Disability Support Services

If you have a physical, psychological, medical or learning disability that may impact your course work, please contact Disability Support Services, ECC (Educational Communications Center) Building, Room 128, (631) 632-6748. They will determine with you what accommodations, if any, are necessary and appropriate. All information and documentation is confidential.

Students who require assistance during emergency evacuation are encouraged to discuss their needs with their professors and Disability Support Services. For procedures and information go to the following website: http://www.stonybrook.edu/ehs/fire/disabilities

Academic Integrity

Each student must pursue his or her academic goals honestly and be personally accountable for all submitted work. Representing another person's work as your own is always wrong. Faculty are required to report any suspected instances of academic dishonesty to the Academic Judiciary. Faculty in the Health Sciences Center (School of Health Technology & Management, Nursing, Social Welfare, Dental Medicine) and School of Medicine are required to follow their school-specific procedures.
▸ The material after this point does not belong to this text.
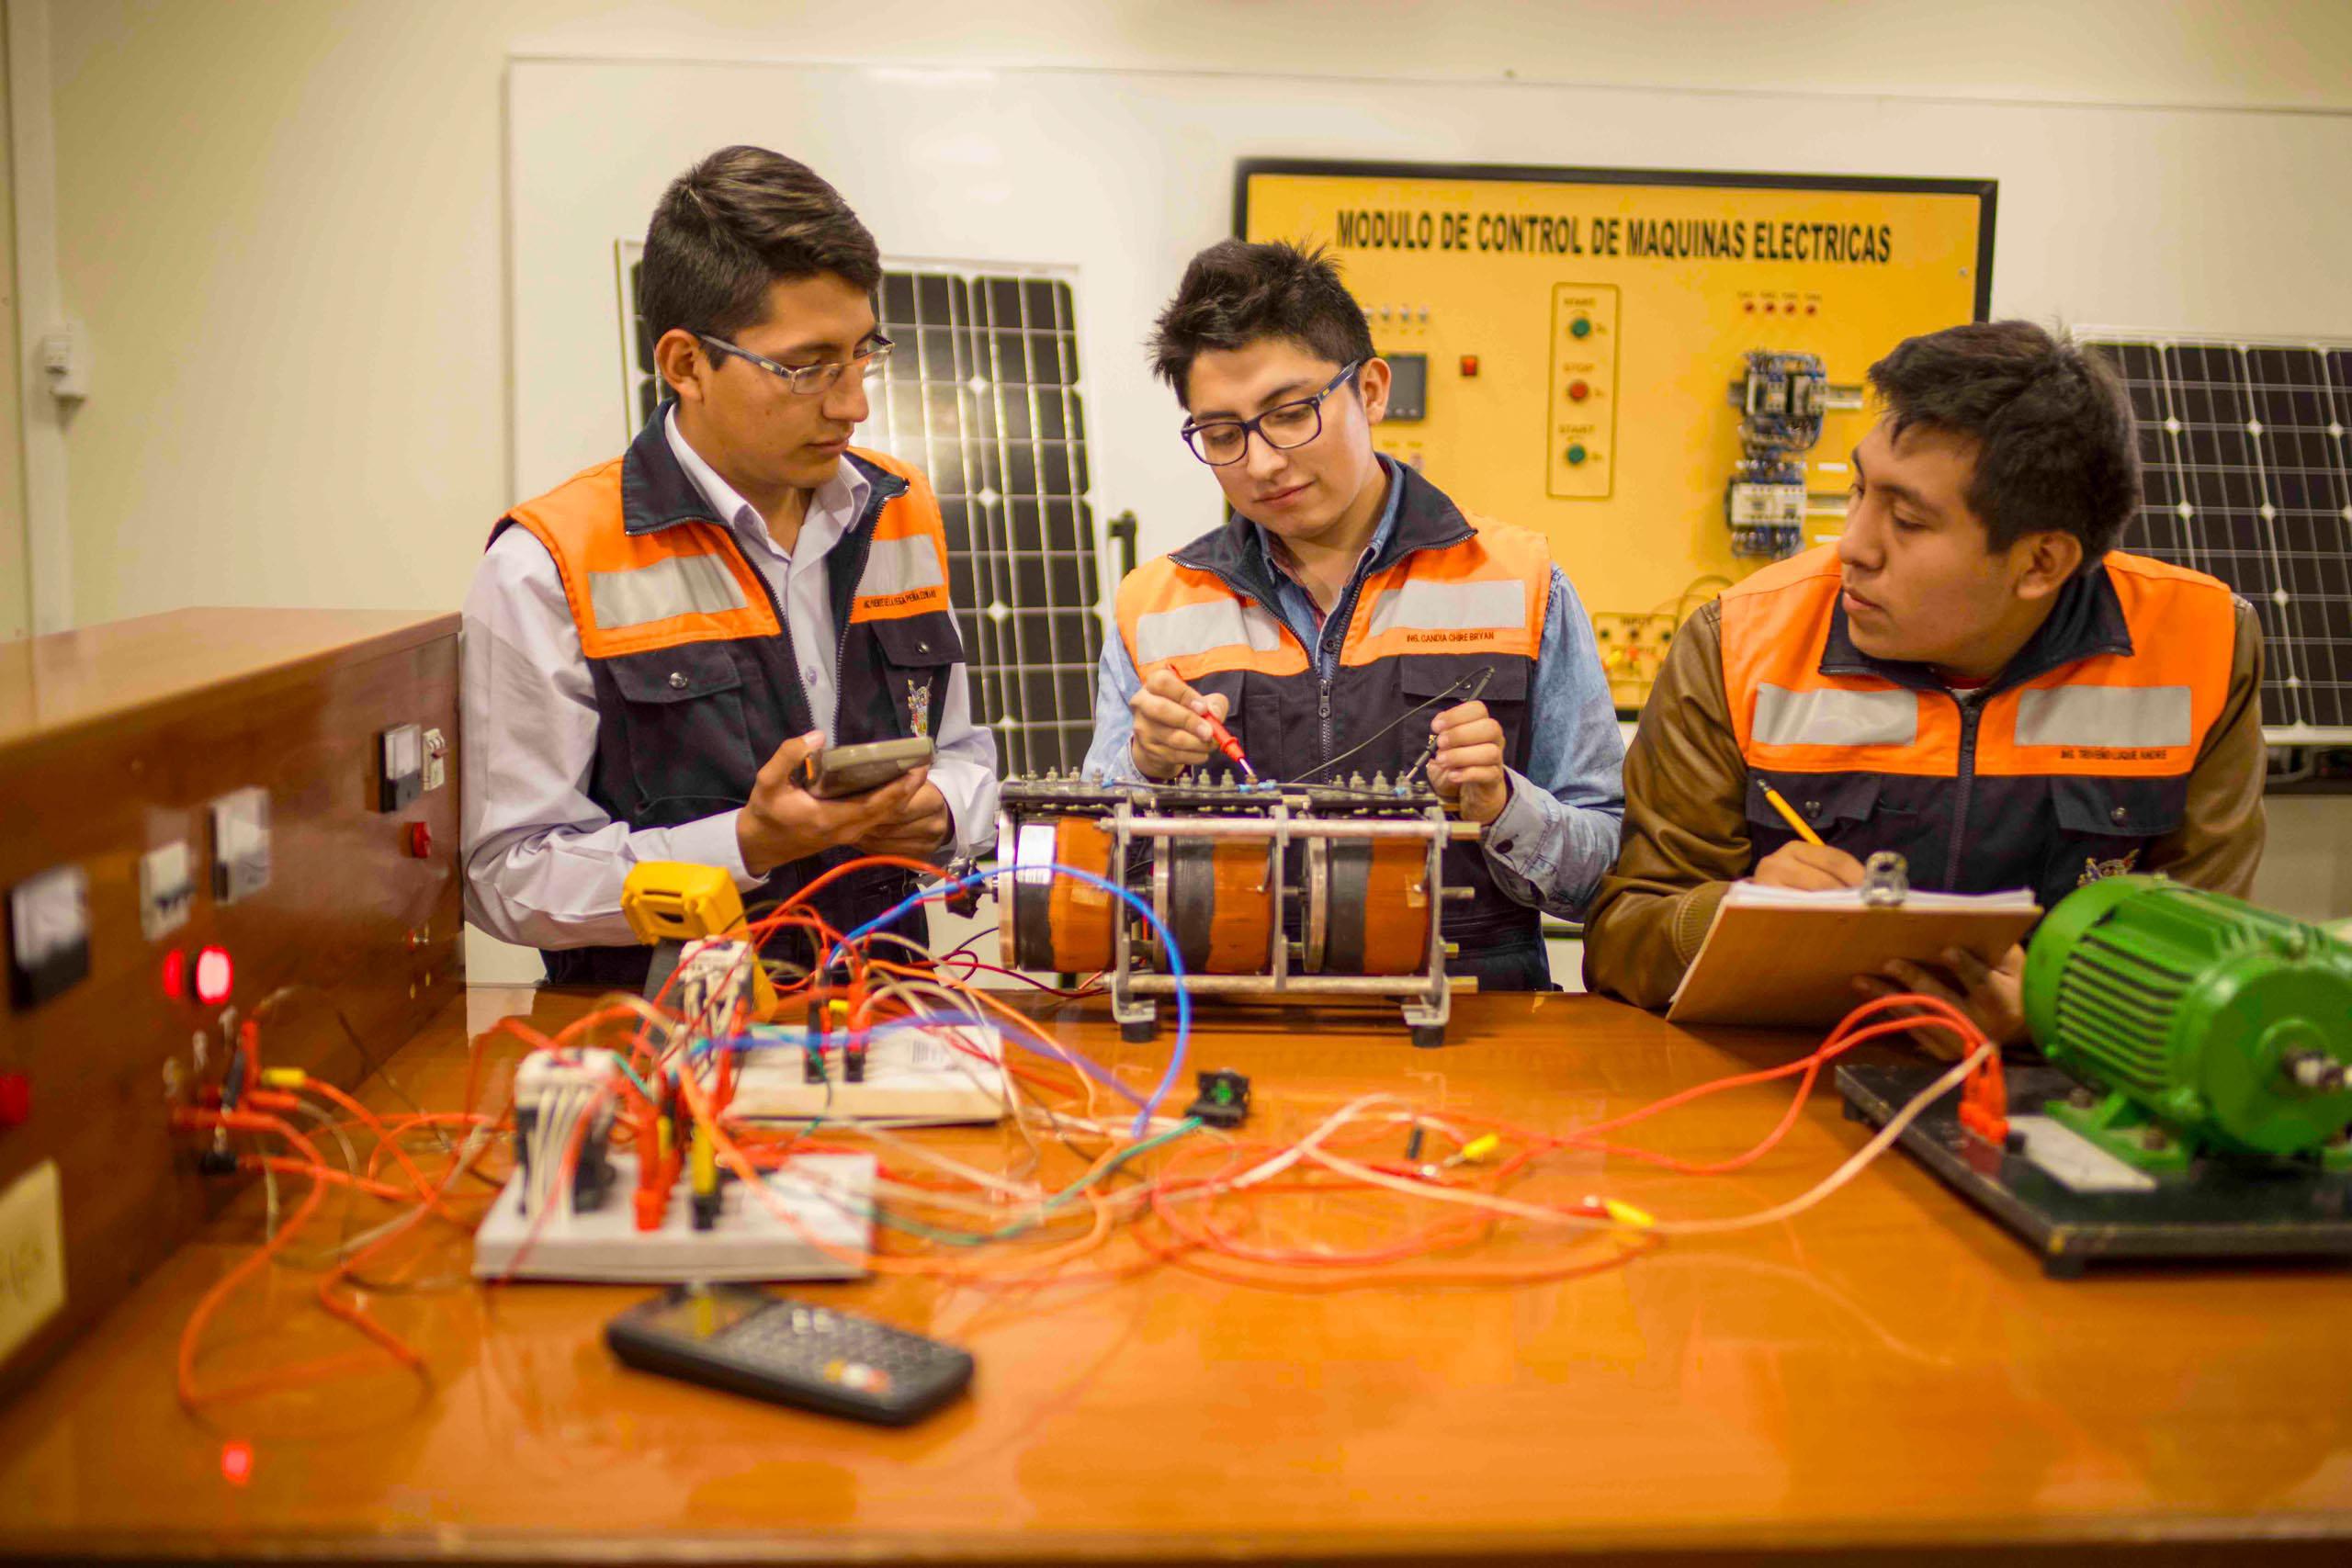 Ingeniería Mecánica Eléctrica

For more comprehensive information on academic integrity, including categories of academic dishonesty, please refer to the academic judiciary website at http://www.stonybrook.edu/uaa/academicjudiciary/

Critical Incident Management

Stony Brook University expects students to respect the rights, privileges, and property of other people. Faculty are required to report to the Office of Judicial Affairs any disruptive behavior that interrupts their ability to teach, compromises the safety of the learning environment, or inhibits students' ability to learn. Faculty in the HSC Schools and the School of Medicine are required to follow their school-specific procedures.